In his 1992 book Psychoanalysis and Groups: History and Dialectics he extends his interest in the philosophy of Jean-Paul Sartre into the realms of his own Kleinian discipline. By developing Sartre’s formulation of the five evolutionary stages of groups during moments of historical significance into a perspective with which to see therapy groups, he brings a fresh approach to the understanding of the early phases in the life of a group.
What did I feel there on the podium of the Waldorf Astoria when I received the Sigourney Prize? With the help of Shakespeare, I would say that “I cannot heave My heart into my mouth.” It was so moving. Then I felt joy, joy that my books were read, that thirty years of work reflected in those books didn’t fall on deaf ears; especially my work with severely disturbed patient, transient psychosis and autistic children. Because after writing a book, I have a very special feeling, wondering whether anybody will read it. Then, when I see that it’s being read, I feel joyful. This prize is the response I am receiving to everything I’ve written in all these years, in keeping with the scientific legacy of Mary Sigourney.

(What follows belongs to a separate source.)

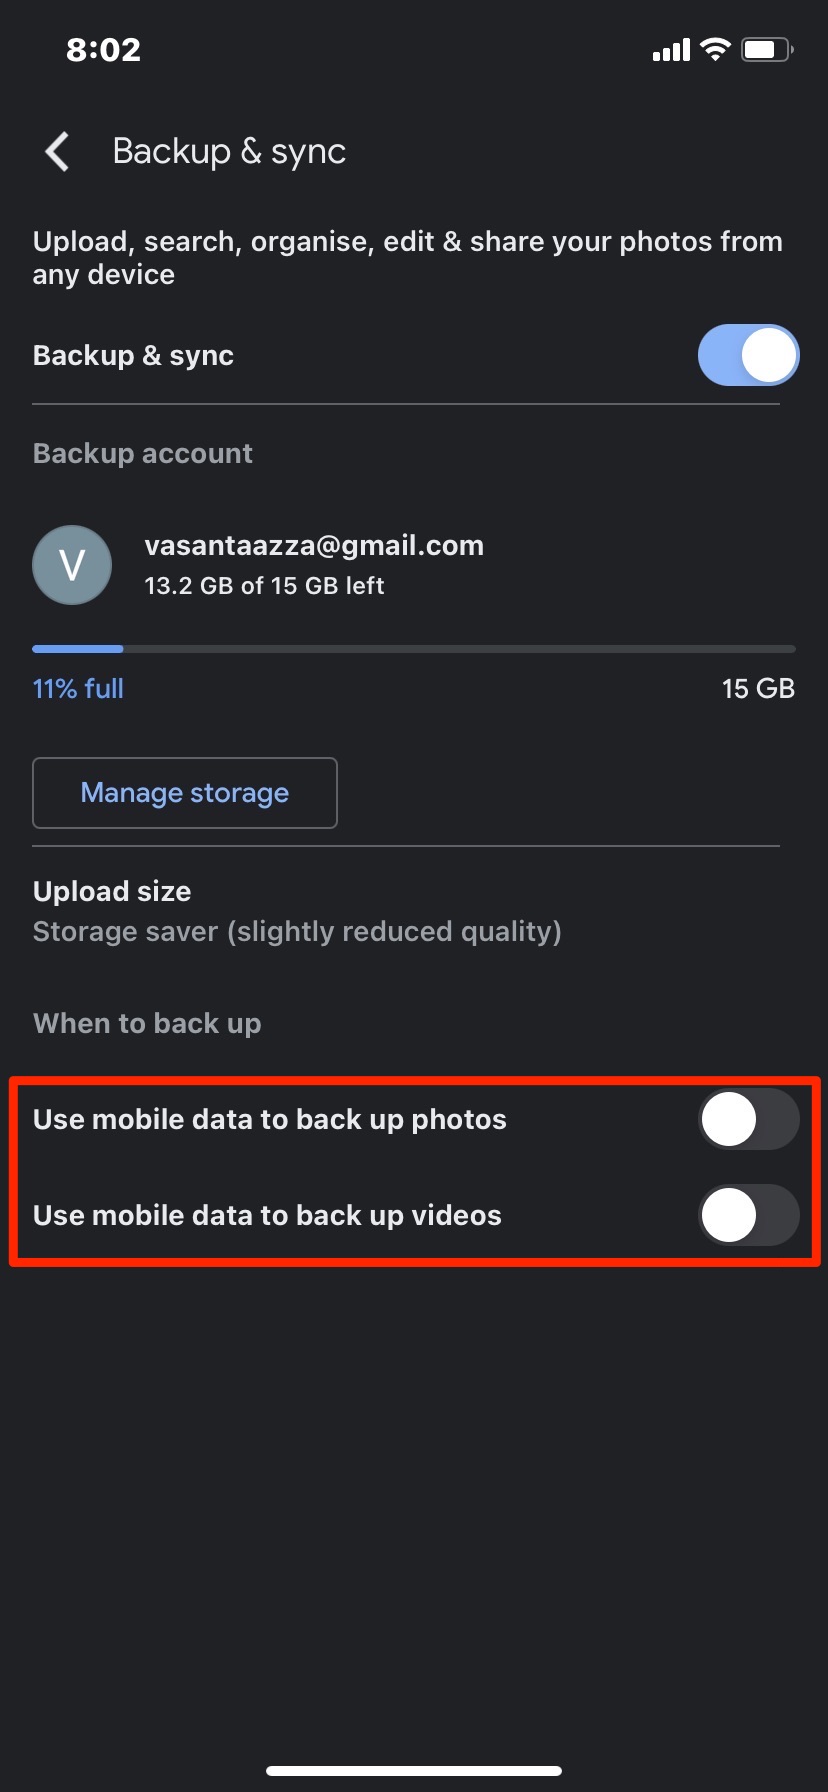 Use Mobile Data to Backup Videos

As I was being welcomed and presented by Otto Kernberg there in New York, I also felt indebted to my brilliant teachers, and remembered the good fortune I had to live and study for over fifteen years with great analysts in Paris, London and the United States, living, enjoying and learning. In New York I had a very good experience. Living in Paris was great . Later, I started to study and after to teach on the West Coast and met other great teachers of psychoanalysis. I’ve sent photocopies of the Sigourney diploma to all my living teachers.
In Paris, I enjoyed the luxury of grand masters of philosophy and psychoanalysis in the ,Paris Psychoanalytic Society , in the École des Hautes Études and the Sorbonne. My book on psychoanalysis of groups is based on ideas of Sartre, who was teaching and publishing actively in those years.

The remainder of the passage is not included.